Exercise 24: Physical Design Review Checklist
You have inherited a database with the following issues. For each, identify the problem and propose a solution:
(a) All 200 tables in a single segmented tablespace on z/OS. (b) A 500 GB table with no partitioning, PCTFREE 20, but it is insert-only and never updated. (c) Every tablespace uses 32 KB pages, including tables with 50-byte rows. (d) Compression is disabled on all tables "because it uses too much CPU." (e) The temporary tablespace is 500 MB, but the largest batch sort processes 80 million rows. (f) LOB data (average 100 bytes) is stored in a separate LOB tablespace with no inline LOBs. (g) No storage growth monitoring is in place; the DBA adds space "when users complain."
Exercise 25: Meridian Bank Physical Design Extension
Extend the Meridian Bank physical design from Section 14.11 to include a new regulatory requirement: the bank must now store a complete audit trail of every data modification.

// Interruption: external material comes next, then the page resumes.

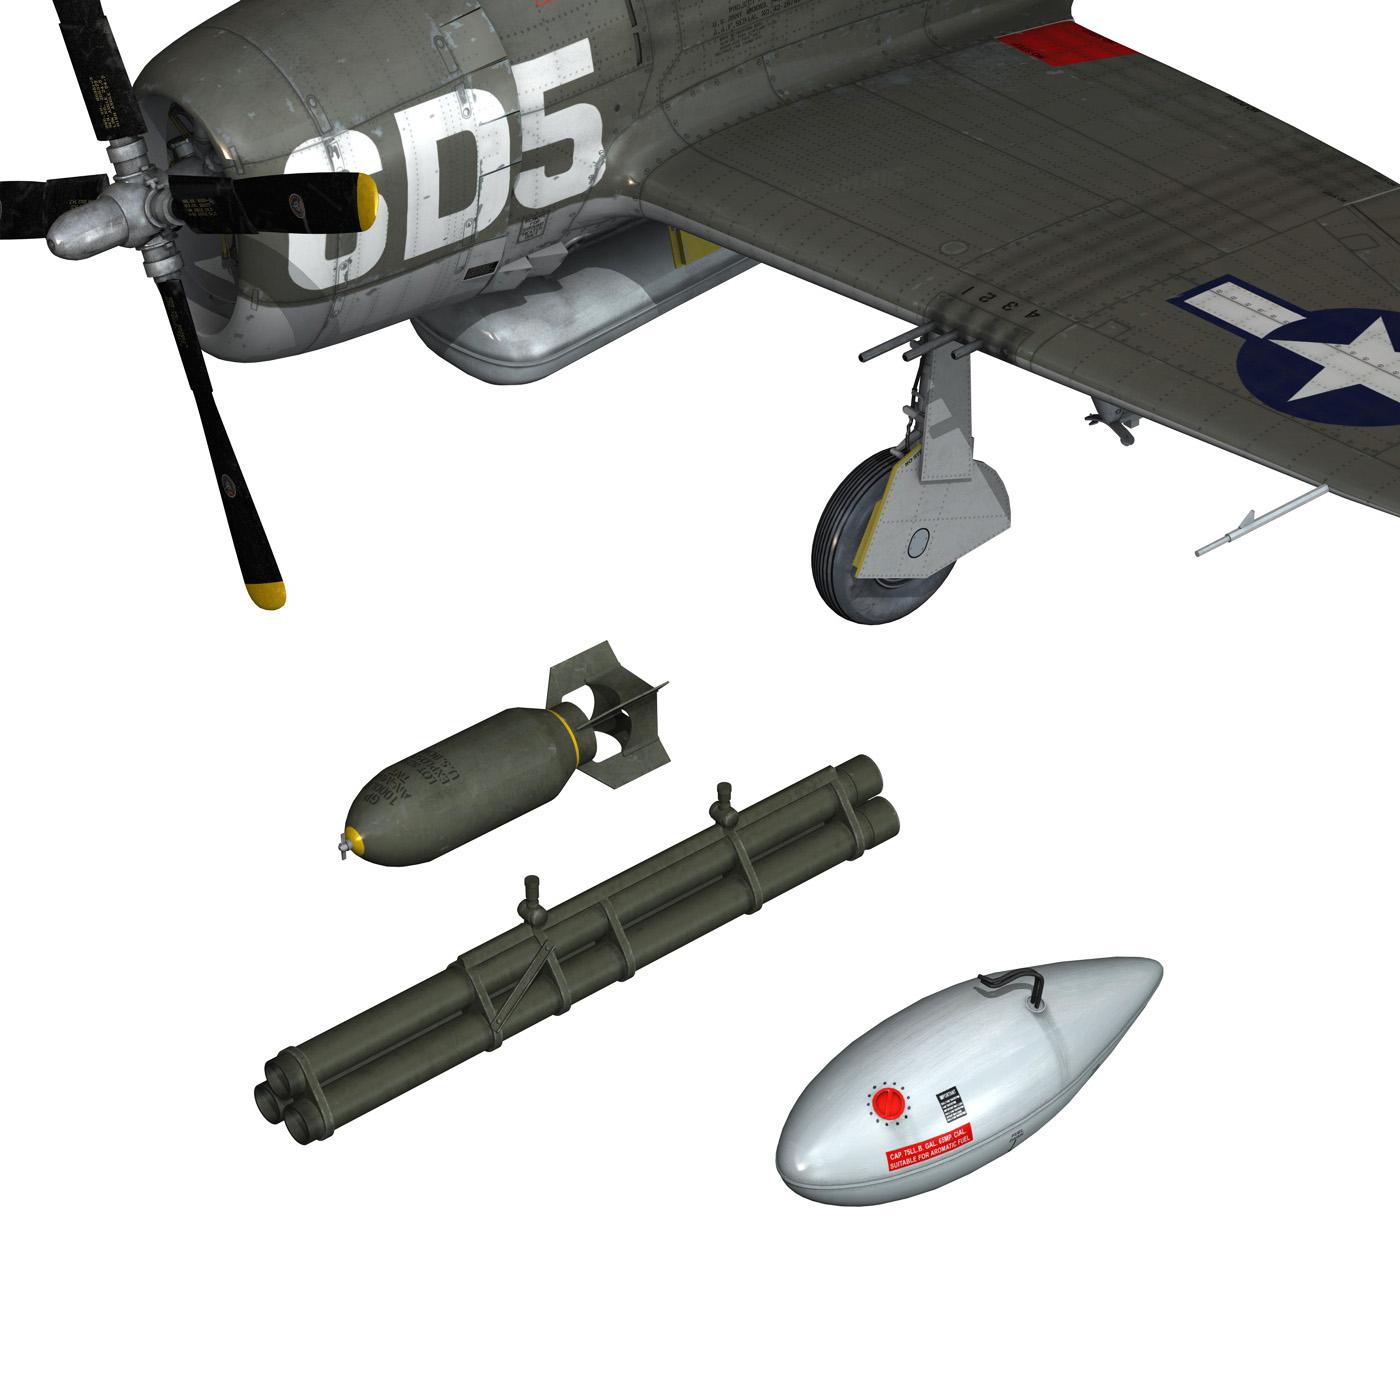 republic p-47 thunderbolt – oh johnnie 3d model fbx c4d lwo obj 274261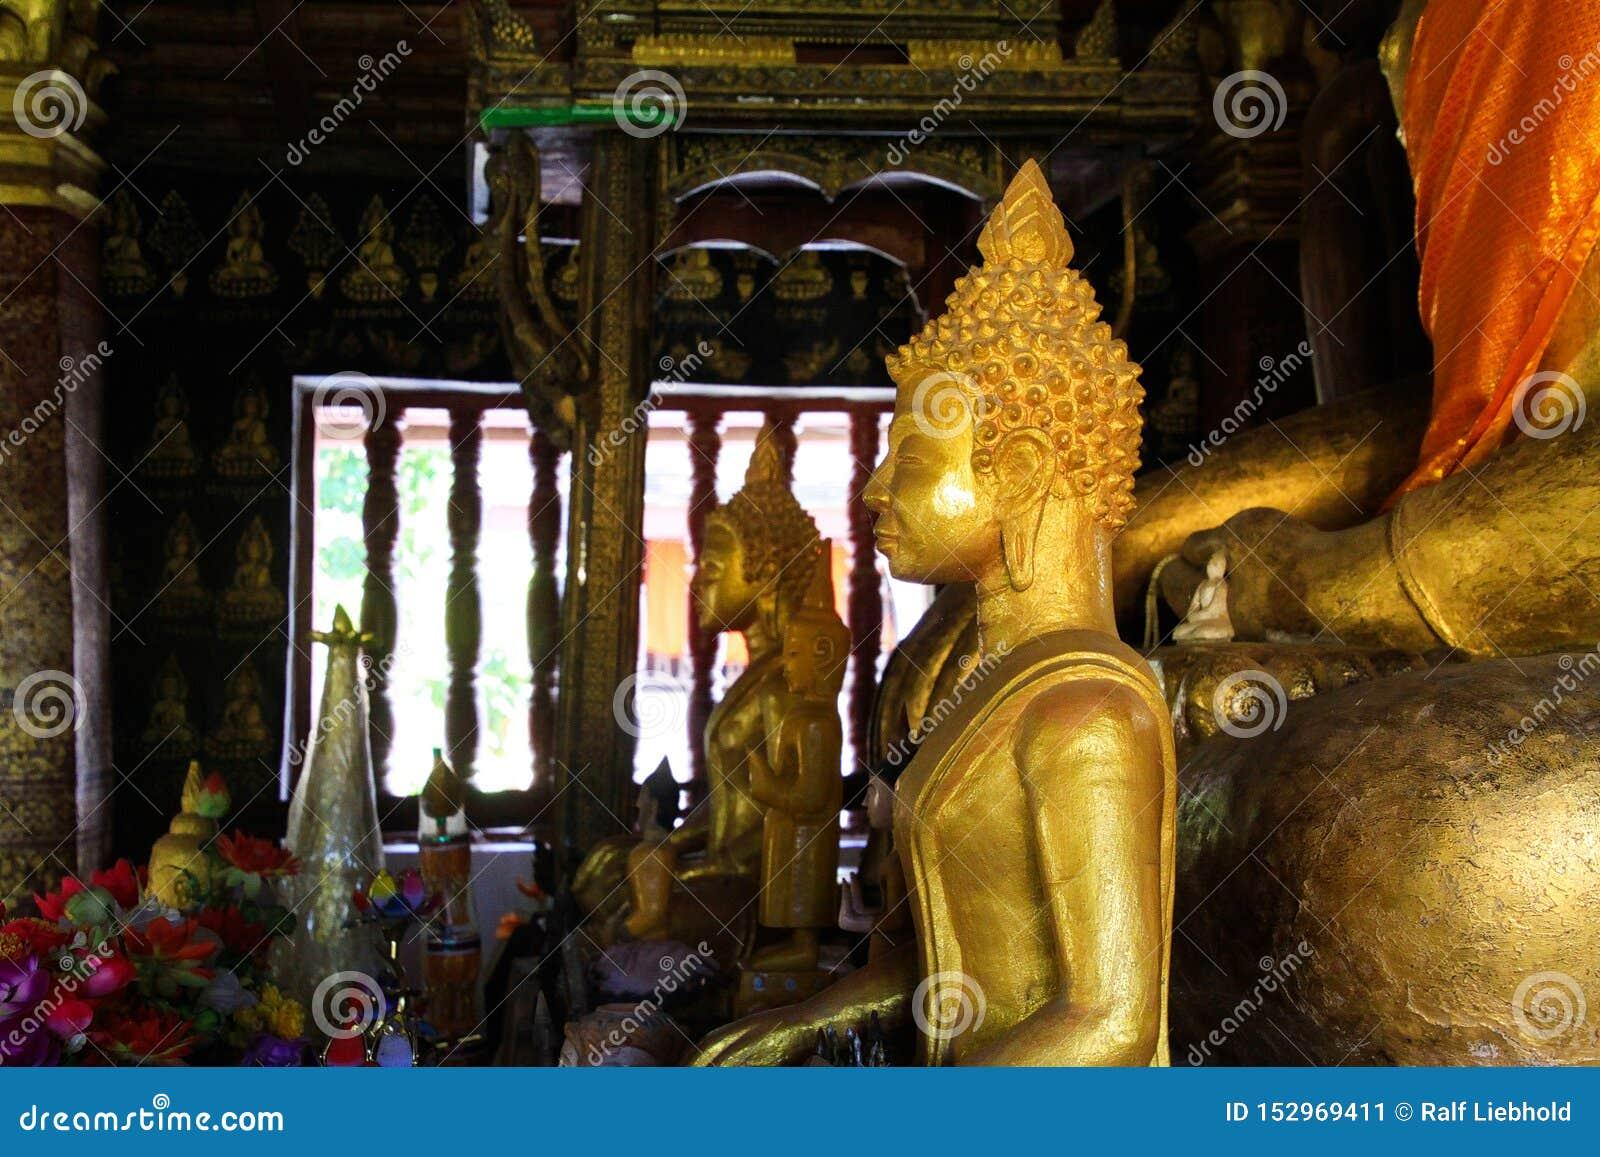 LUANG PRABANG WAT XIENG THONG, LAOS - DECEMBER 17. 2017: Buddha statues inside temple illuminated by natural sunlight

Design the AUDIT_TRAIL table: - Must capture: table name, column name, old value, new value, user ID, timestamp, transaction ID - Expected volume: 50 million audit rows per day - Retention: 10 years - Most queries filter by table name and date range - Must not impact OLTP performance
(a) Design the table structure (columns and data types). (b) Choose the tablespace type and partitioning strategy. (c) Calculate storage for Year 1 and Year 10. (d) Design the compression strategy. (e) Recommend the buffer pool assignment. (f) Write the complete DDL (table, tablespace, partitioning).
Answer Key Notes
Exercises 1-8 have definitive numerical answers. Exercises 9-18 have recommended approaches with justifications. Exercises 19-25 are open-ended design problems; evaluate based on the quality of reasoning, not a single correct answer. Key evaluation criteria: (1) all relevant factors considered, (2) decisions documented with rationale, (3) calculations shown with correct arithmetic, (4) trade-offs acknowledged.